Tous les destroyers et croiseurs légers de la première flotte, soit environ deux cents vaisseaux, étaient en train de basculer en une formation serrée de recherche, concentrée sur la région de l’espace proche de l’Invulnérable et de la trajectoire qu’il avait adoptée. Repérer des navettes furtives pouvait se révéler d’une incroyable difficulté, surtout si elles s’abstenaient de manœuvrer. Mais, avec tous ces bâtiments à l’affût dont les relevés seraient automatiquement combinés, comparés et collationnés par les systèmes de combat de la flotte, la plus pointue des technologies furtives aurait le plus grand mal à cacher les anomalies qu’ils décèleraient.

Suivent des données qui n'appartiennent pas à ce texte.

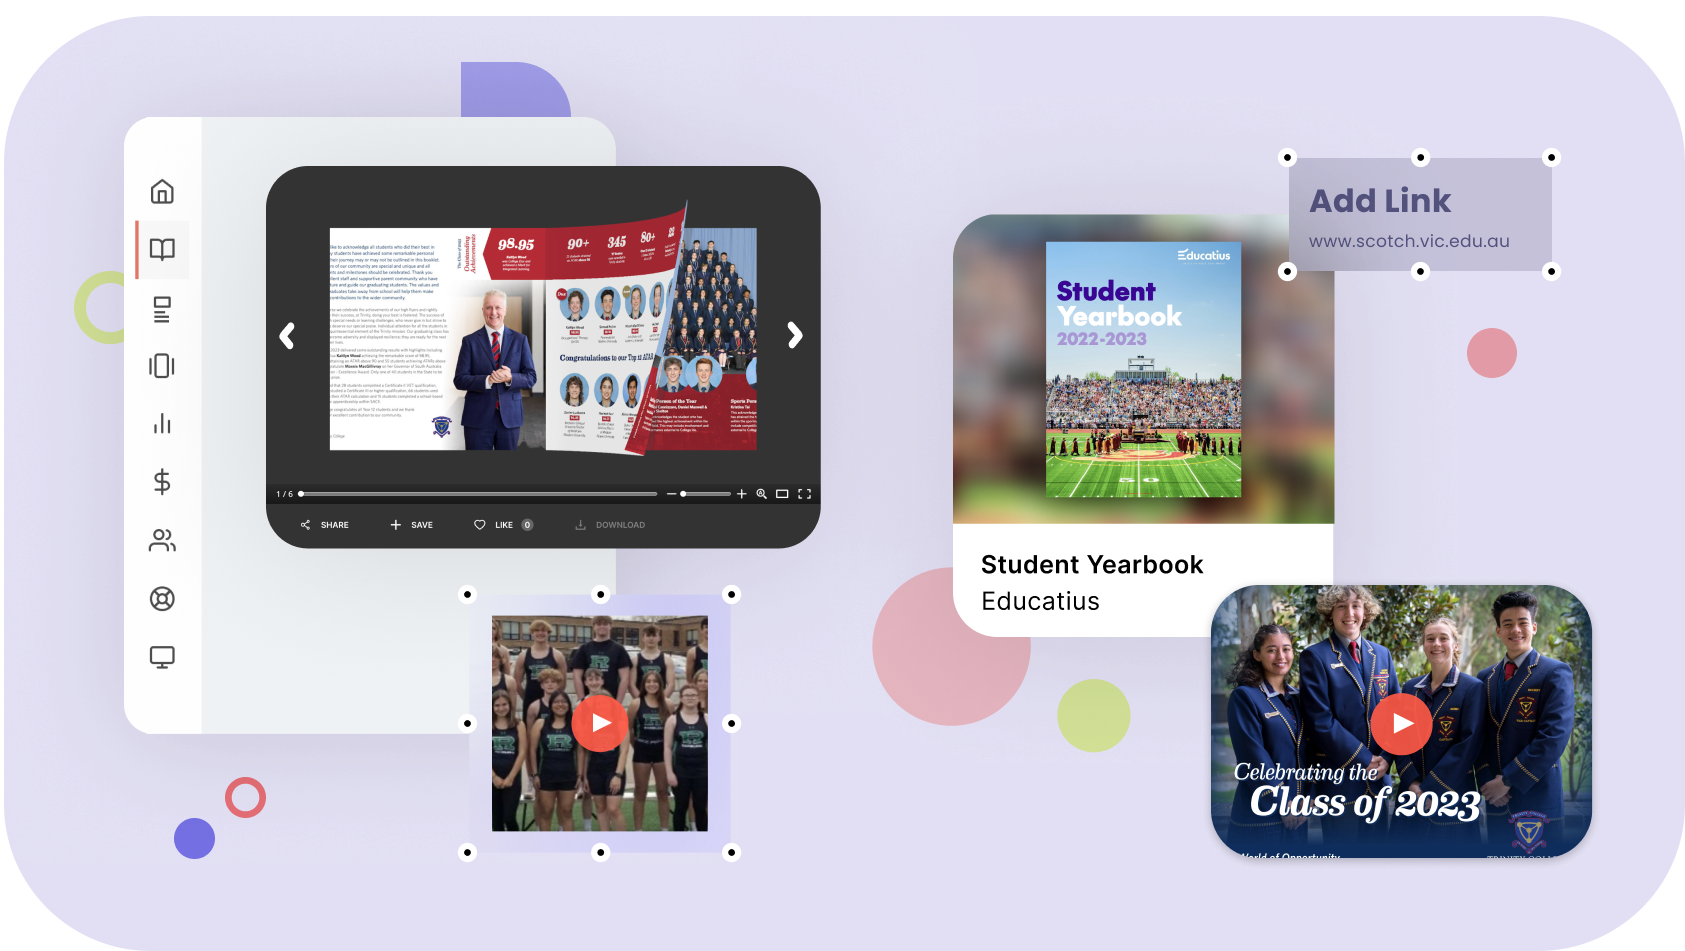 Learn what to include in a digital yearbook.

Si seulement j’avais eu le temps de déclencher ce programme de recherche avant que les Syndics n’abordent l’Invulnérable, songea amèrement Geary. Mais c’était précisément l’objectif de l’attaque suicide : nous contraindre à y réagir, nous obnubiler et nous empêcher d’envisager d’autres menaces.

« Ils sont dans la principale salle de contrôle factice, rapporta l’amiral Lagemann. Les senseurs de Lamarr du sas principal annoncent qu’ils sont déjoués. Et… le mulet persan présent sur place a cessé d’émettre. »

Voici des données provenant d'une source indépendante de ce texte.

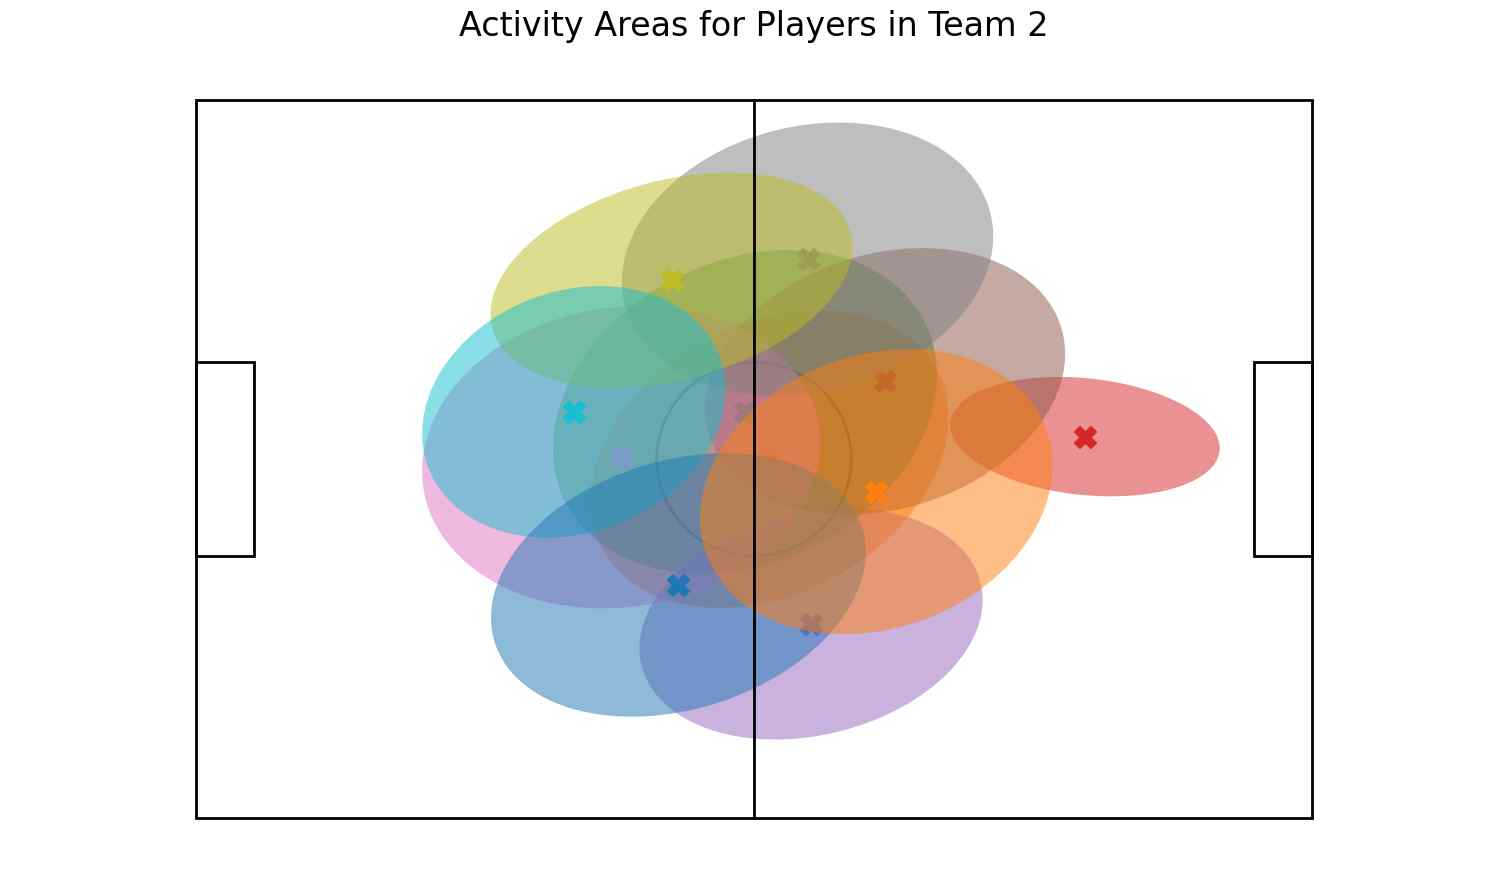 A top-view diagram of a soccer field with ellipses representing the activity areas of different players in Team 2 during a 30-minute match.

Un leurre mort. Geary dut refouler un absurde élan de chagrin à l’annonce de la « mort » du brave et fidèle petit leurre des fusiliers. « Qu’en est-il de la fausse passerelle ? »

L’image du major Dietz venait également d’apparaître à côté de Geary, en cuirasse de combat intégrale. « L’équipe d’abordage syndic a dû coordonner ses frappes pour atteindre simultanément ces deux cibles, mais elle a dû se heurter à des retards en raison de son ignorance de la disposition des lieux à bord du supercuirassé. Elle aura le plus grand mal à nous trouver et, si elle y parvient, elle tombera sur des soldats prêts à l’accueillir.

— Amiral Lagemann, on ne peut pas laisser aux Syndics le contrôle de l’Invulnérable, déclara Geary.

— Ils ne le prendront pas, affirma le major Dietz. Je laisse une entière compagnie, renforcée par des matelots, pour garder cette zone. » Il réussit à ne pas se montrer sarcastique à la perspective de spatiaux en armes fournissant aux fusiliers un renfort efficace. « J’emmène l’autre compagnie, scindée en plusieurs escouades, à l’assaut des deux compartiments leurres investis par les Syndics. S’ils ont embarqué des armes nucléaires à bord de l’Invulnérable, ils les auront très certainement laissées sous bonne garde dans ces compartiments. Nous ne pouvons pas débusquer des gens en cuirasse furtive, surtout dans un espace aussi vaste et avec si peu de fusiliers, mais nous pouvons en revanche rendre la vie très difficile à leurs gardes et éventuellement nous emparer de ces armes.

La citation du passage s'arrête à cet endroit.